Reliability, Compliance, and Performance Monitoring

When states invest millions to bring broadband to rural communities, delivering a signal isn’t enough. Those connections need to support everyday needs like work, school, telehealth, and emergency services with consistent speeds, low latency, and reliable uptime (the amount of time a connection is available and working as expected), giving users a dependable experience day in and day out. To make sure that happens, states are moving beyond one-time performance checks at installation—where service is validated only on day one—and putting systems in place to measure how well connections perform over time.

Starlink’s latency in the U.S. averages around 40 milliseconds, well below BEAD’s 100 ms requirement—a strong indicator that the technology can meet performance targets. But environmental factors can still affect individual sites. Snow, ice, or tree cover can interfere with line-of-sight and impact connection quality, though professional setups help minimize those disruptions.

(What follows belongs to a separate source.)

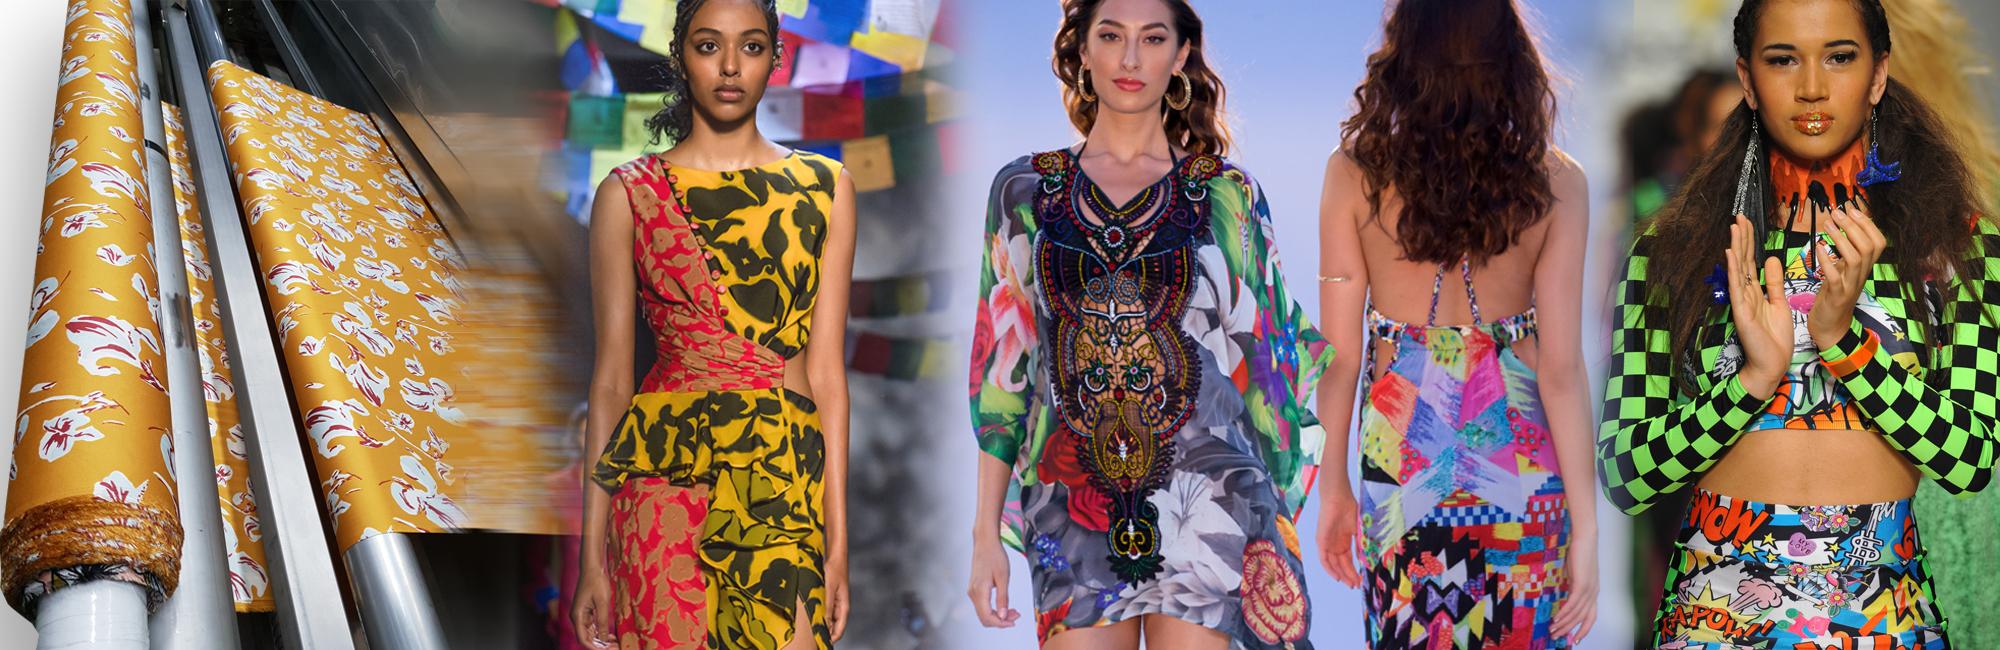 printed fabric for fashion

States are starting to define how they’ll verify performance, ensure service meets funding benchmarks, and build accountability into satellite deployments.

  • Independent verification tools: Speedtest and other third-party platforms can help verify that real-world performance matches program requirements.
  • Strong reliability signals in Maine: The state has reported minimal complaints from satellite internet users, a good indicator of reliable service in hard-to-serve areas.
  • Hawaii adapting regulatory frameworks: Hawaii is modifying existing regulatory frameworks to ensure providers meet performance expectations under BEAD-funded deployments.
  • Enforcement mechanisms still developing: Oversight and accountability frameworks are expected to mature as satellite deployments scale.

Satellites can bring broadband to rural communities quickly, but speed alone isn’t the goal. States are putting new systems in place to make sure that connectivity remains consistent, reliable, and measurable over time.

Competition and Capacity Will Shape What Comes Next

Satellite connectivity is moving into a new phase—one defined less by proving it works and more by deciding how to use it at scale. As states plan their long-term broadband strategies, they’ll be weighing technical tradeoffs, provider options, and capacity constraints in ways they haven’t had to before.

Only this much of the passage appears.